Turning to the issue of whether the Agency’s decision was supported by substantial evidence, the court first found that it must consider Dr. Ratner’s opinion as part of the record (as the Appeals Council had admitted it into the record) when considering whether the decision is supported by substantial evidence. The court noted “[o]f necessity, that means that we must speculate to some extent on how the administrative law judge would have weighed the newly submitted reports if they has been available for the original hearing.” Riley v. Shalala, 18 F.3d 619, 622 (8th Cir. 1994). The court found that Dr. Ratner’s opinion was “virtually unsupported”, offering “minimal explanation” and the explanation offered was inconsistent with the single treating note of Dr. Ratner and also other medical evidence in the record and Plaintiff’s own reports. Thus, the court concluded that the ALJ would have not accorded controlling weight to Dr. Ratner’s opinion and the contrary evidence of record constituted substantial evidence supporting the ALJ’s decision; as a result, the court reversed the district court’s judgment and remanded to the district court with instructions to enter judgment in favor of the Commissioner.

McKenna v. Comm’r of Soc. Sec., 2019 U.S. App. LEXIS 2108, __ Fed. Appx. __ (10th Cir. Jan. 23, 2019).

Plaintiff appealed the ALJ’s step 4 denial of her disability claims. The ALJ found that Plaintiff has the RFC to perform light work with limitations including an ability to stand and/or walk for only a total of 2 hours in an 8-hour workday, the need for an assistive device, and the need to alternate sitting and standing at the workstation; the ALJ found that Plaintiff could perform her past relevant work as a senior programmer analyst, which was affirmed by the district court.

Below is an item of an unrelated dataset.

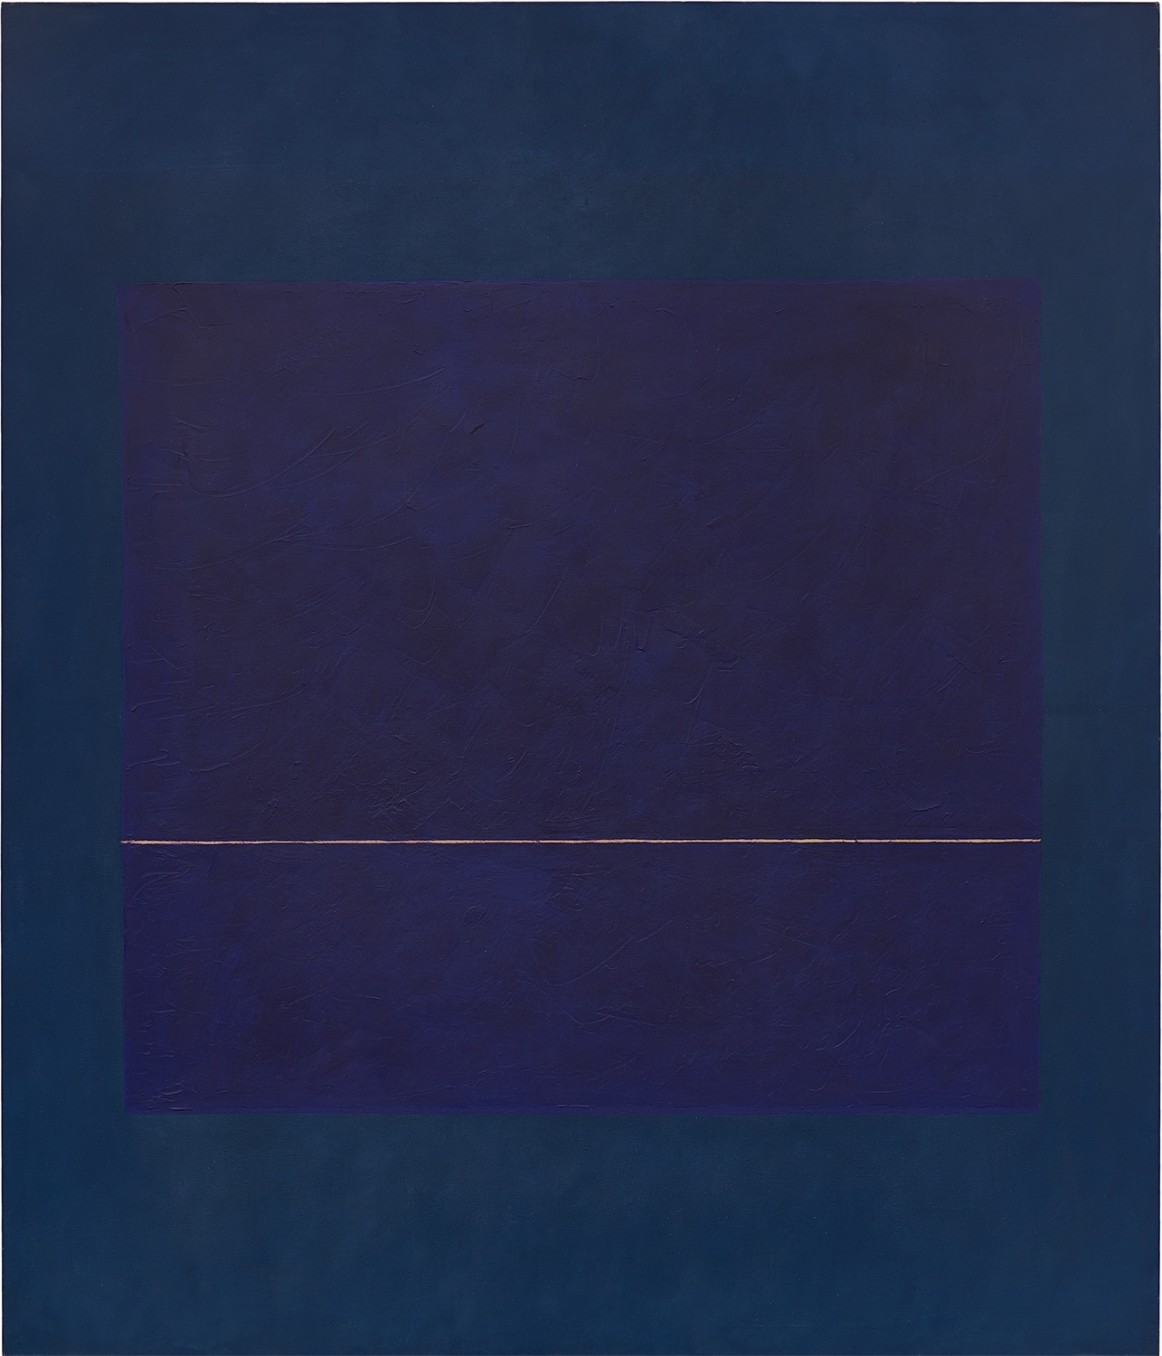 Virginia Jaramillo, Blue Space, 1974, Oil on canvas, 208.3 x 177.8 cm, 82 x 70 in
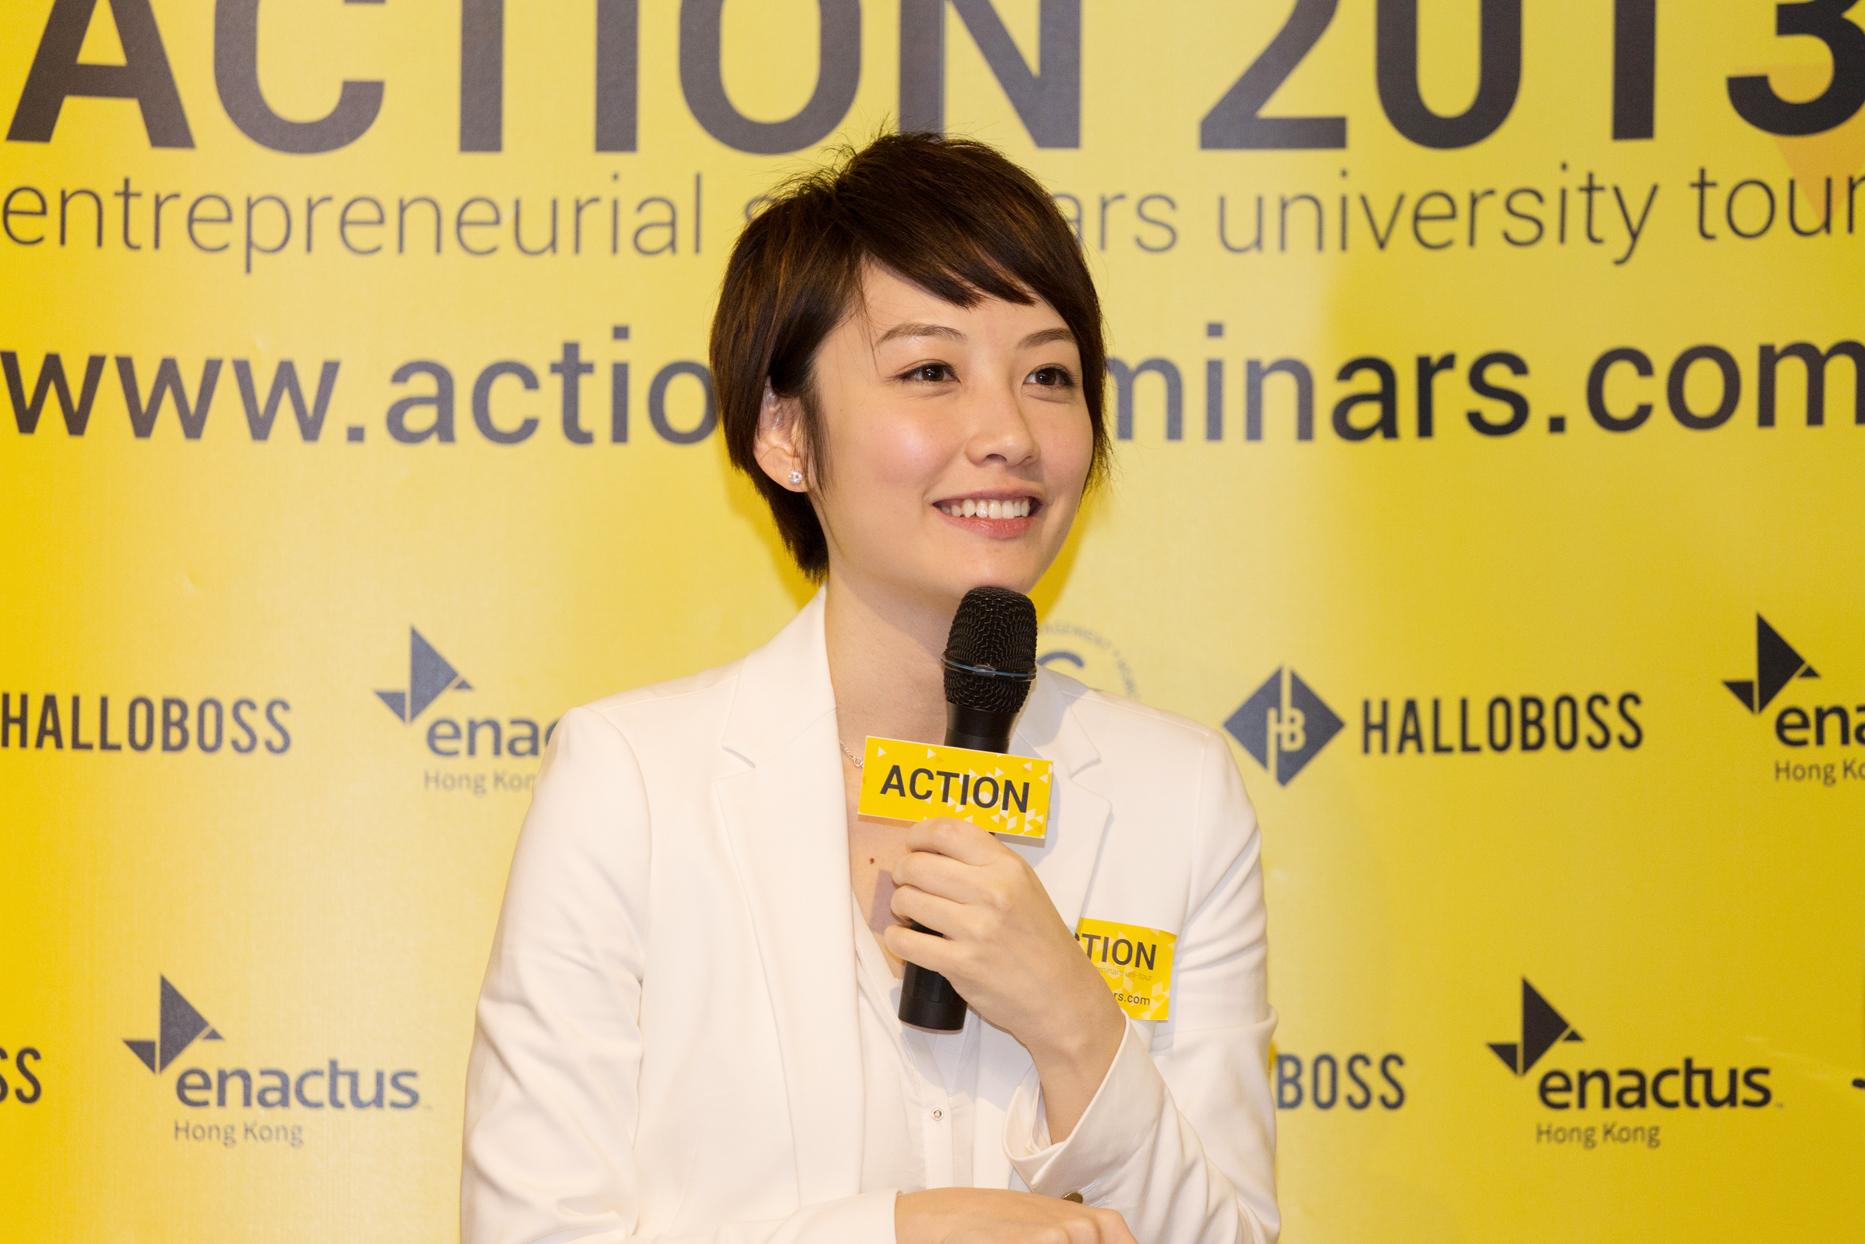 Action2013_HalloBoss_CrystalJam_Bobo

On appeal, Plaintiff argued that the ALJ failed to specify the frequency of the need to sit or stand in the RFC, citing SSR 96-9p in support of her argument. The court noted that SSR 96-9p only applies to people with sedentary, unskilled occupations, and that Plaintiff’s past work was skilled work. The court also noted that Plaintiff bears the burden at step 4 to establish that she is unable to perform her job as a senior programmer analyst both as actually performed and as generally performed. The court found that the ALJ was not required to be more specific concerning Plaintiff’s sit-stand requirements because (1) the vocational expert testified “the essential function of [Plaintiff’s] past work is cognitive, [which] allows for flexibility in physical positioning; and (2) Plaintiff “does not claim that her past work does not allow her to alternate sitting and standing as needed.” The district court’s judgment was affirmed.